__MATERIAL PROVIDED__.
++++
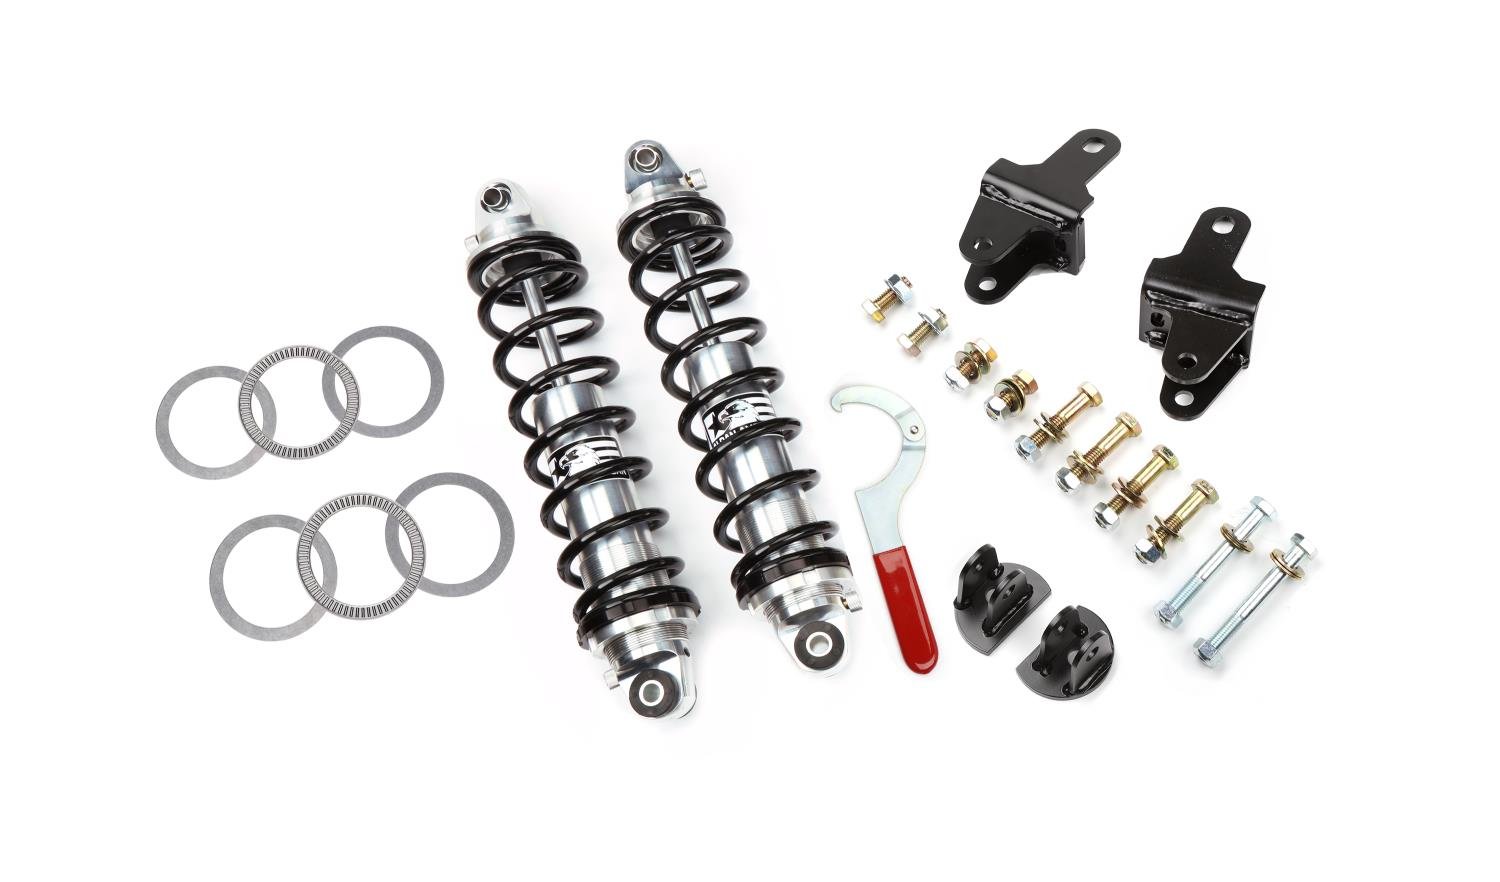 Rear Coil-Over Kit 1979-2004 Ford Mustang, Double-Adjustable [180 lbs./in. Springs]
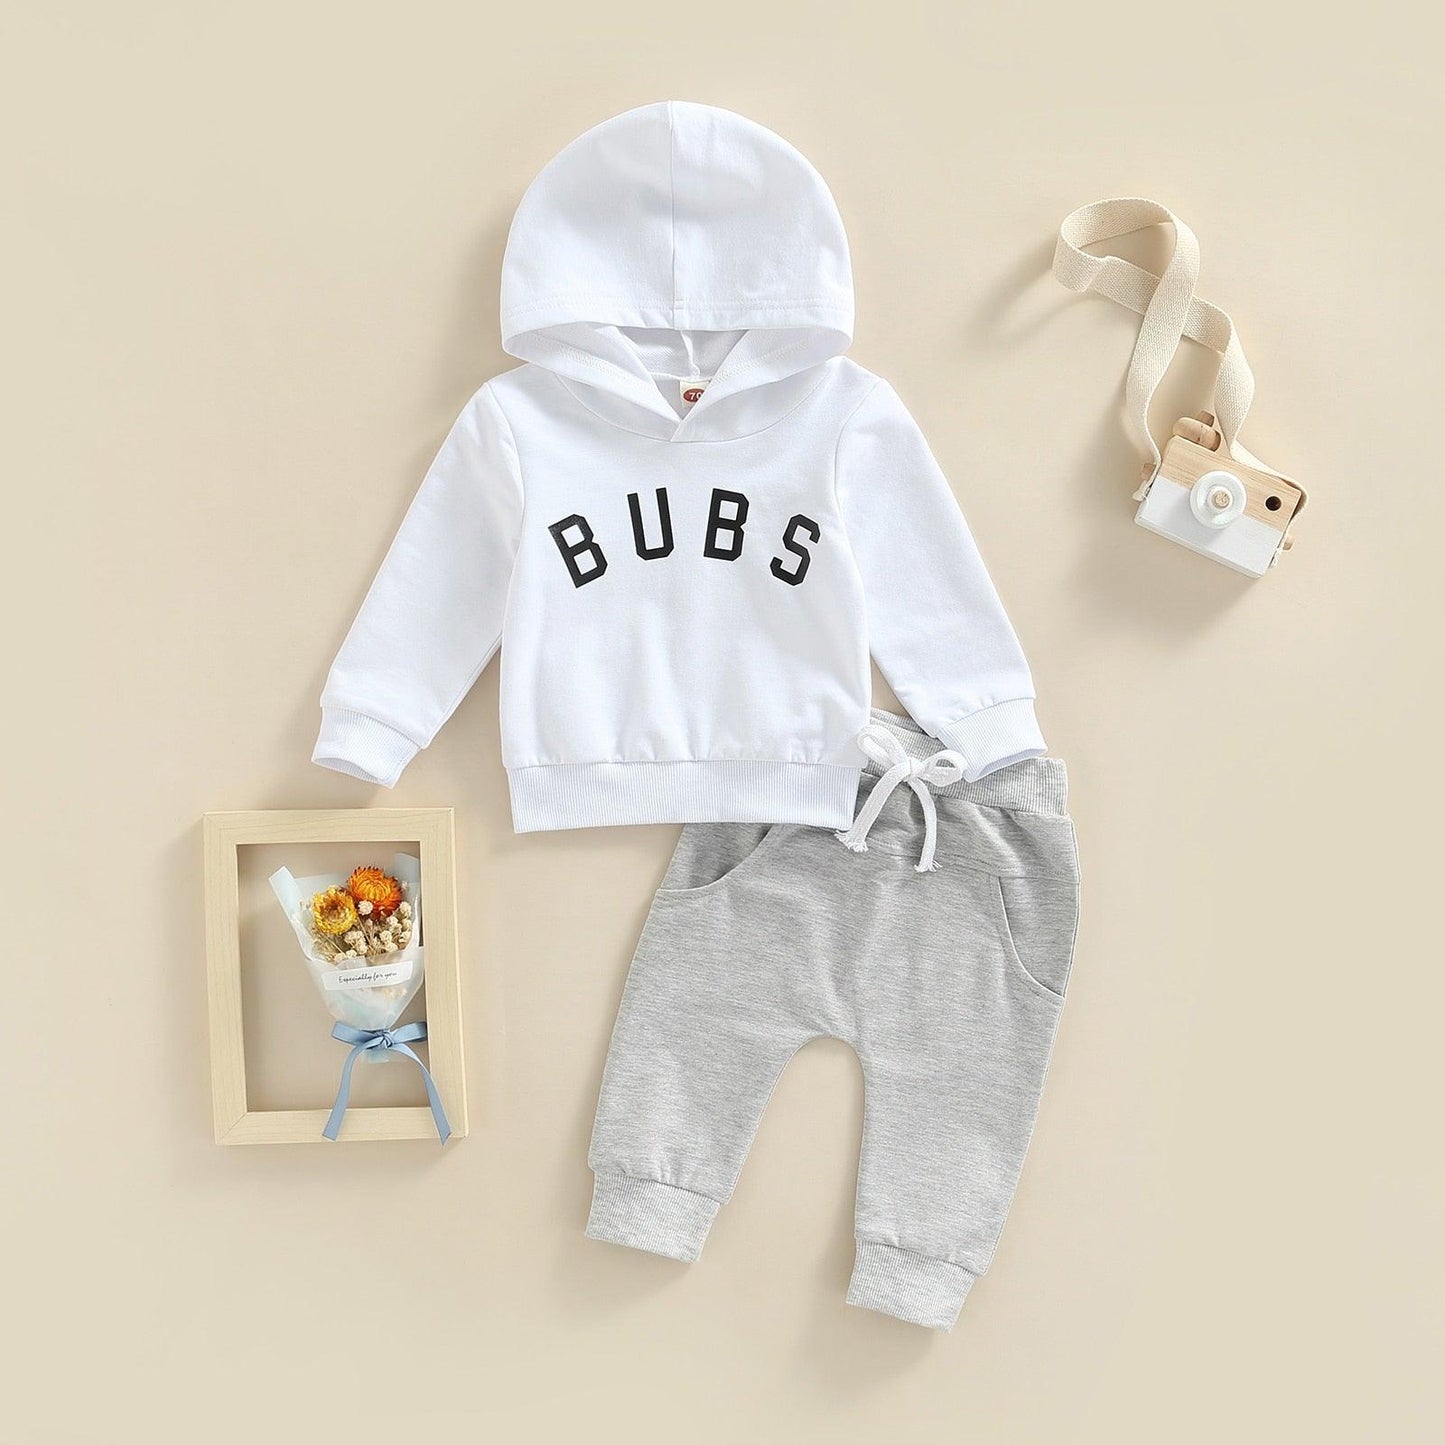 Bubs Hoodie and Jogger Outfit - Shop Baby Boutiques 
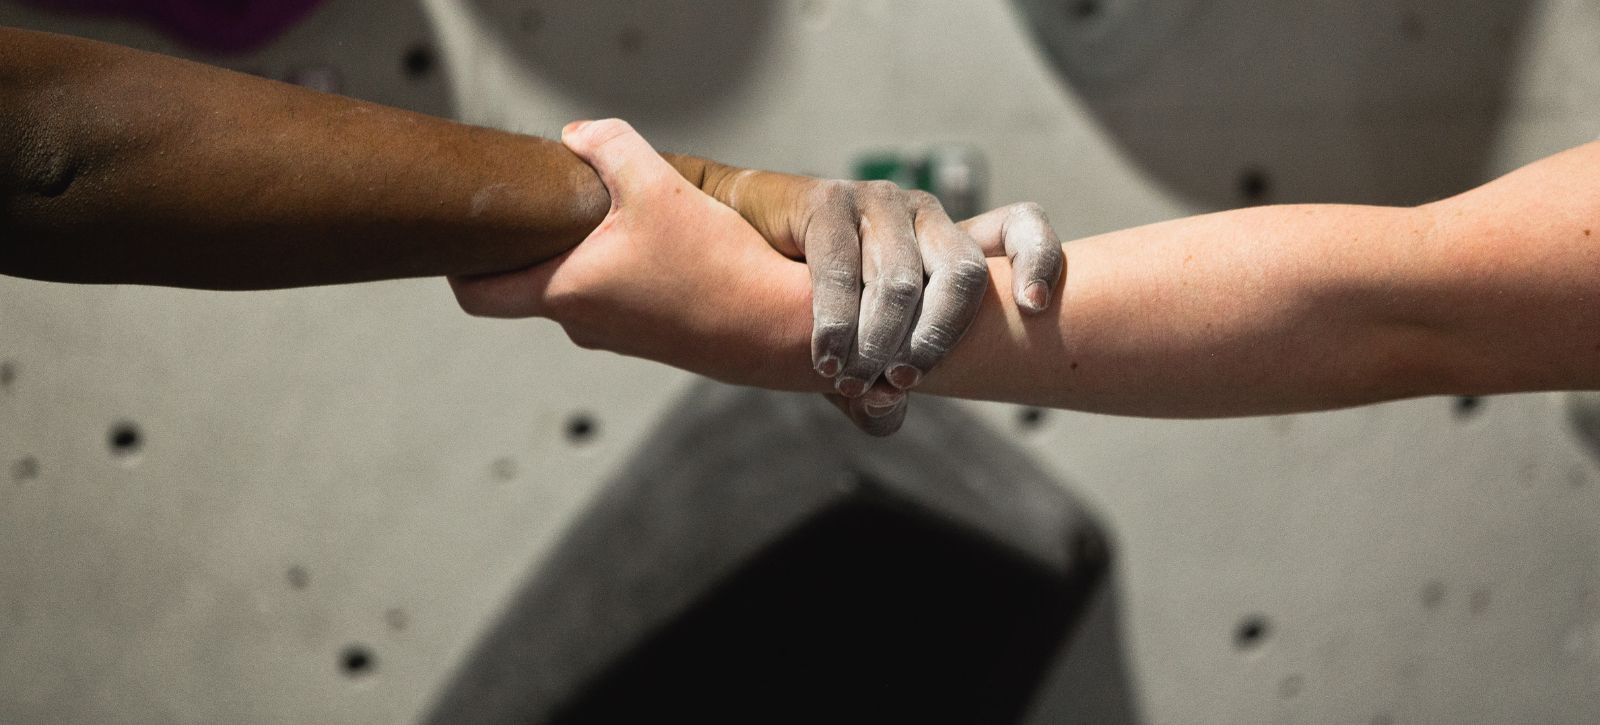 A person of colour holds hands with a white person while climbing the buddy challenge. We can see their hands and a climbing wall in the background.
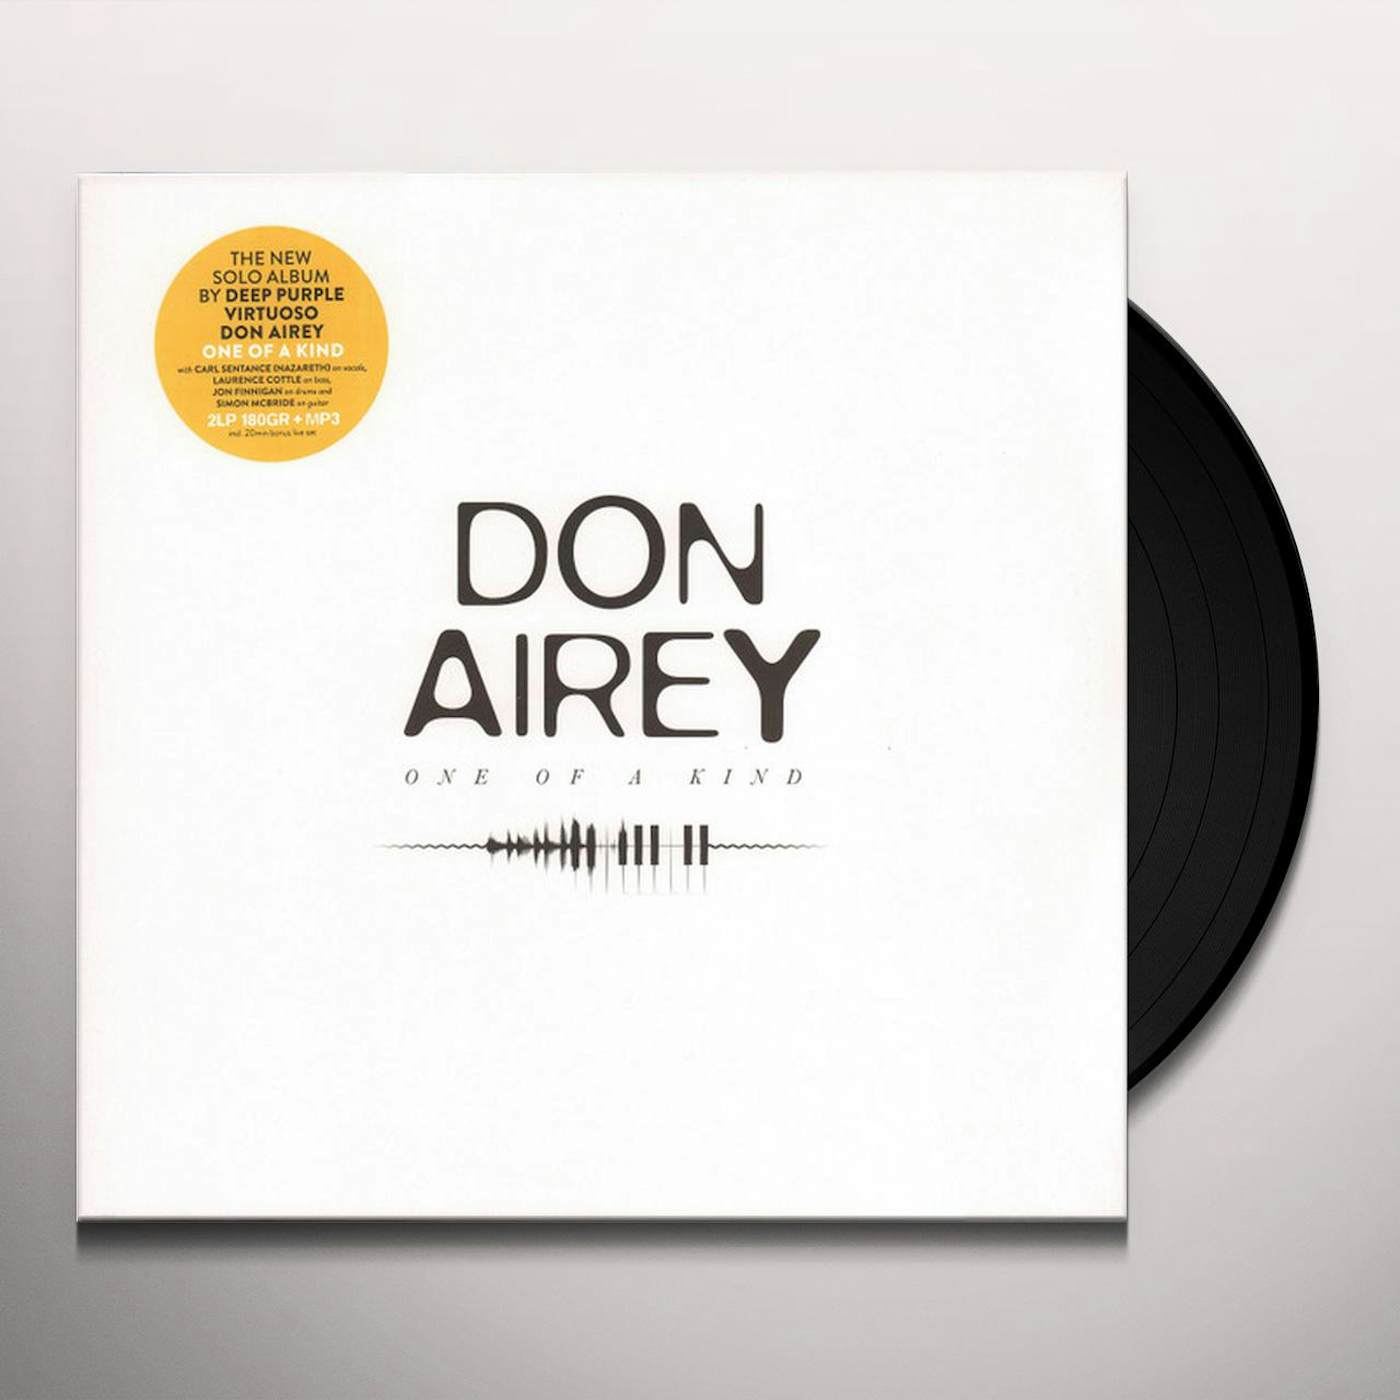 Don Airey One of a Kind Vinyl Record
++++
__WHAT IS NEEDED__. The output is the data above, repeated exactly, with pictures omitted.

__OUTPUT FOR THIS EXERCISE__.
 Rear Coil-Over Kit 1979-2004 Ford Mustang, Double-Adjustable [180 lbs./in. Springs]
 Bubs Hoodie and Jogger Outfit - Shop Baby Boutiques 
 A person of colour holds hands with a white person while climbing the buddy challenge. We can see their hands and a climbing wall in the background.
 Don Airey One of a Kind Vinyl Record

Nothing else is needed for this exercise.